Material provided.
*-*-*

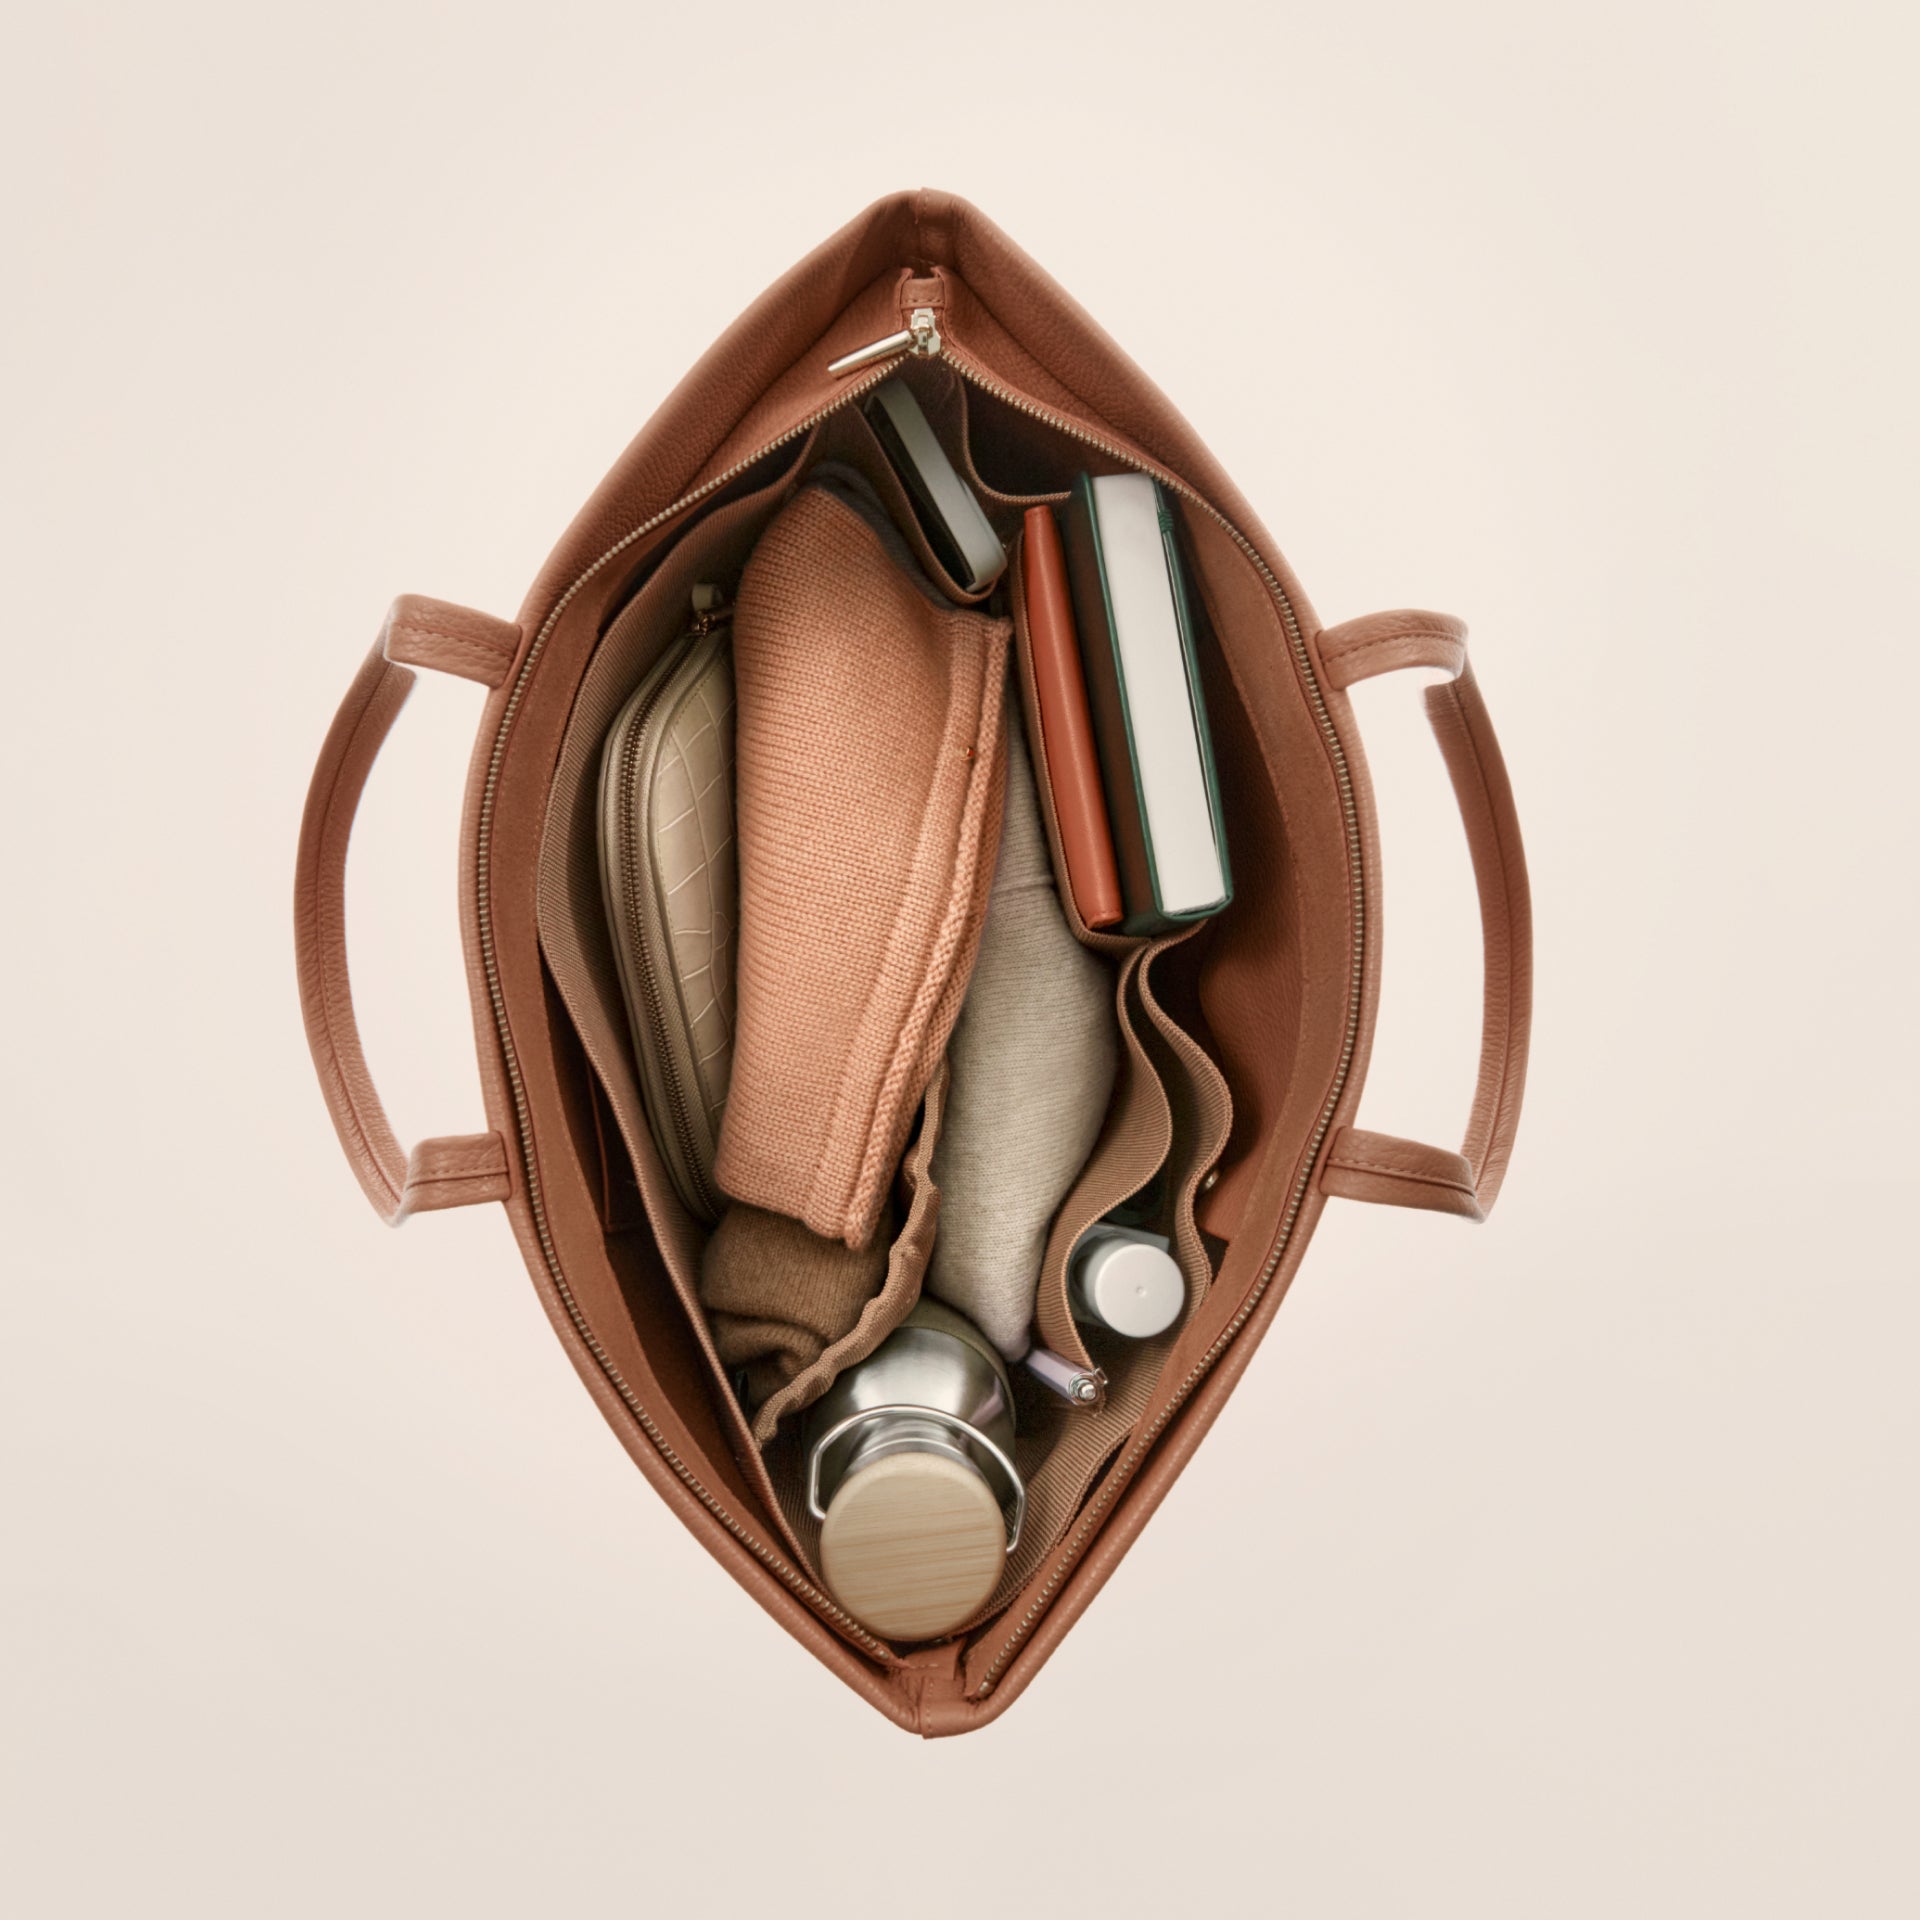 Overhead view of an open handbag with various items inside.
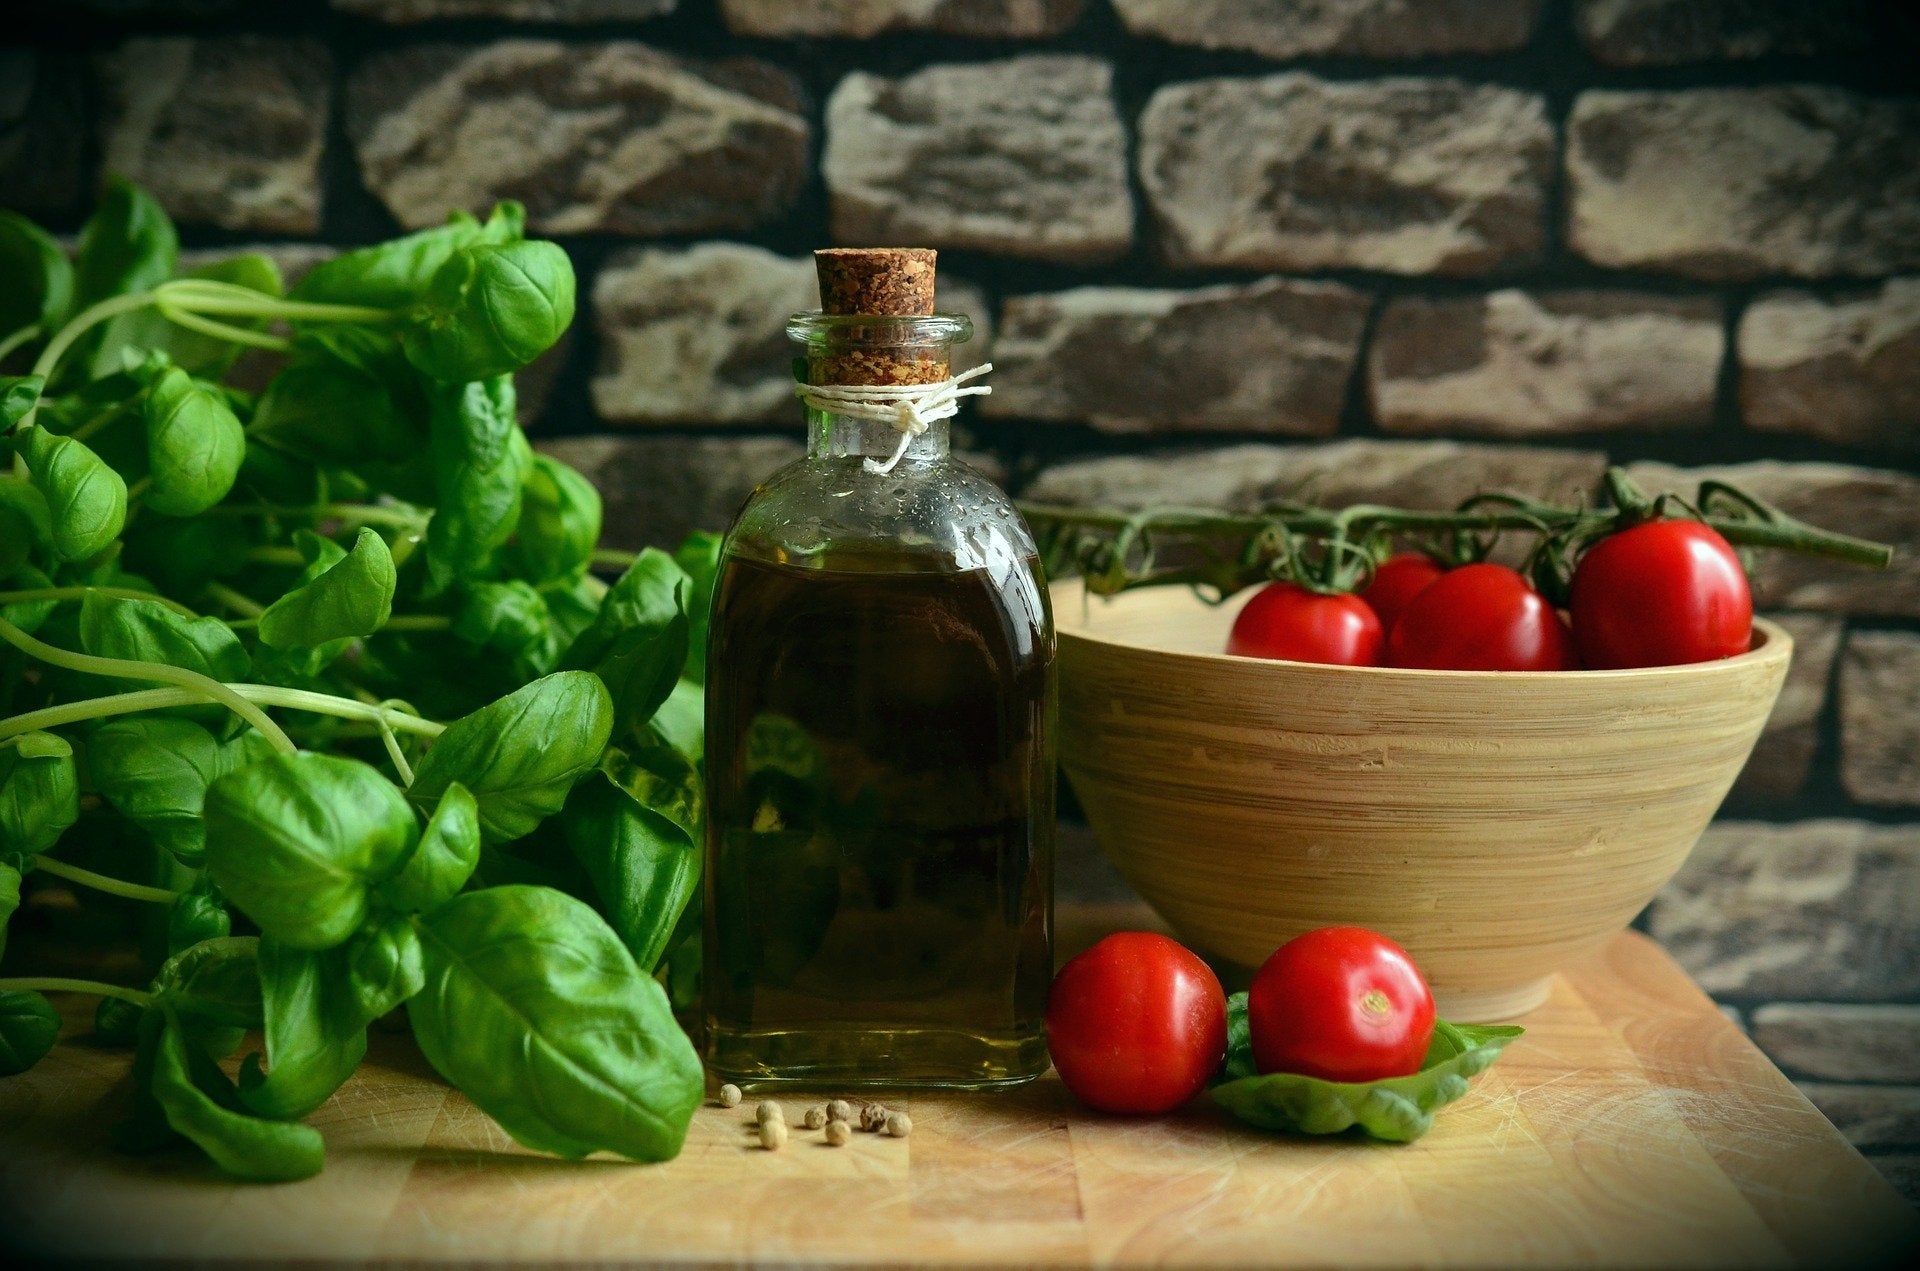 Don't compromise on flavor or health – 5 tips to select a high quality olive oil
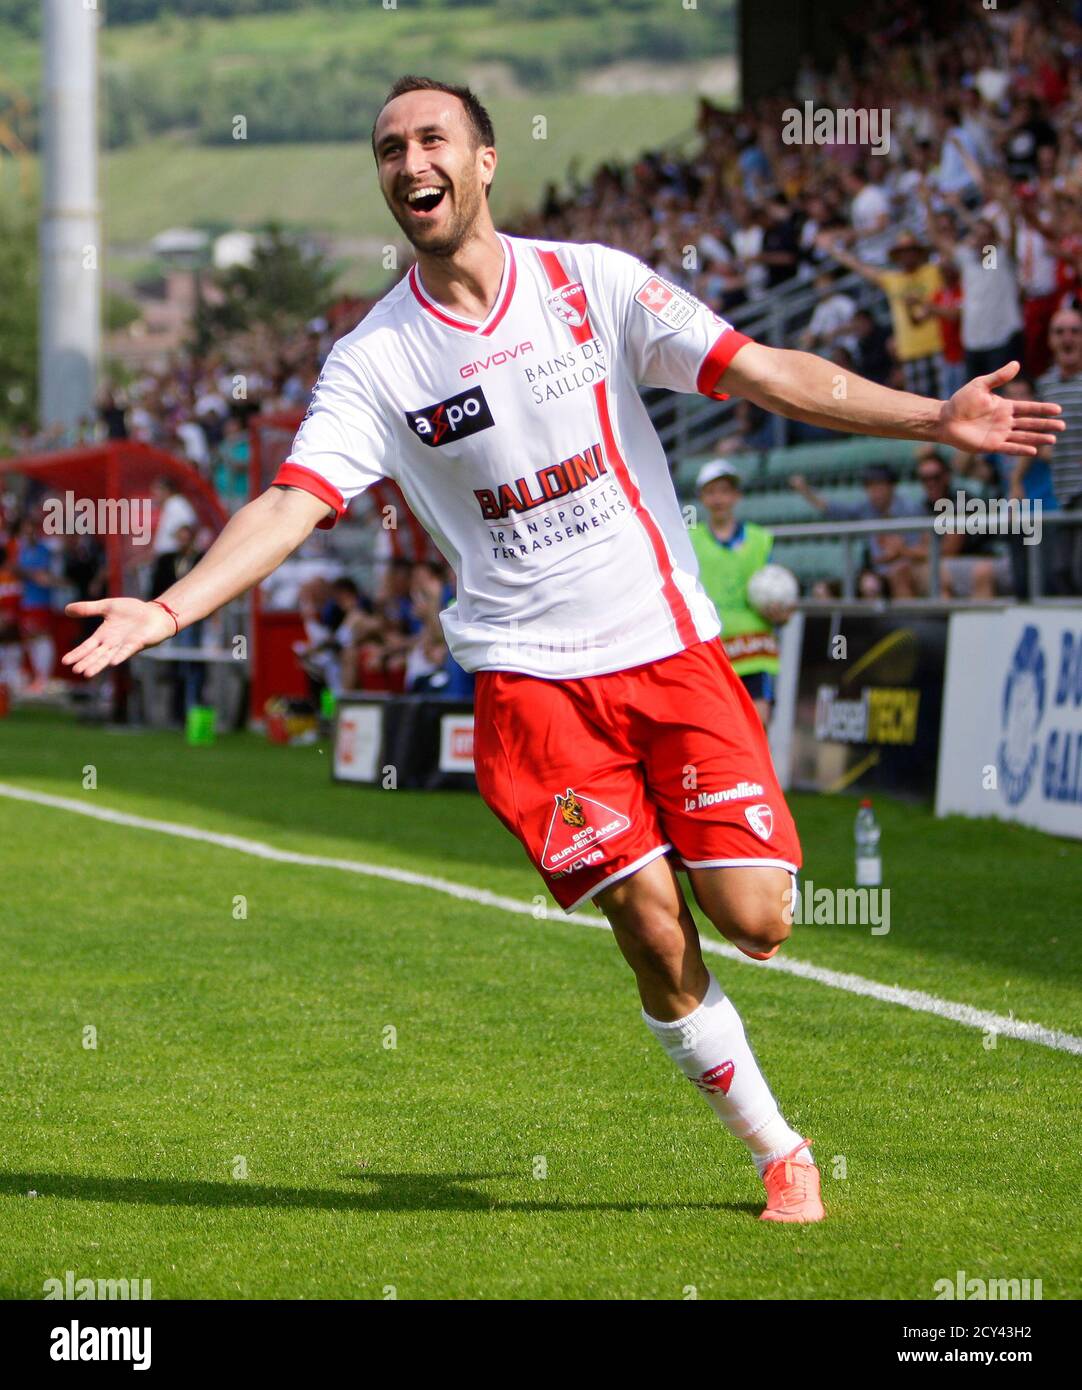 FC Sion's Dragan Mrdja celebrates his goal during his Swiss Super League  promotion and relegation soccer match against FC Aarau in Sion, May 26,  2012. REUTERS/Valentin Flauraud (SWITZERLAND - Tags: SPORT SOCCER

*-*-*

Problem statement. Drop the pictures and set down the data above exactly.

Task result.
 Overhead view of an open handbag with various items inside.
 Don't compromise on flavor or health – 5 tips to select a high quality olive oil
 FC Sion's Dragan Mrdja celebrates his goal during his Swiss Super League  promotion and relegation soccer match against FC Aarau in Sion, May 26,  2012. REUTERS/Valentin Flauraud (SWITZERLAND - Tags: SPORT SOCCER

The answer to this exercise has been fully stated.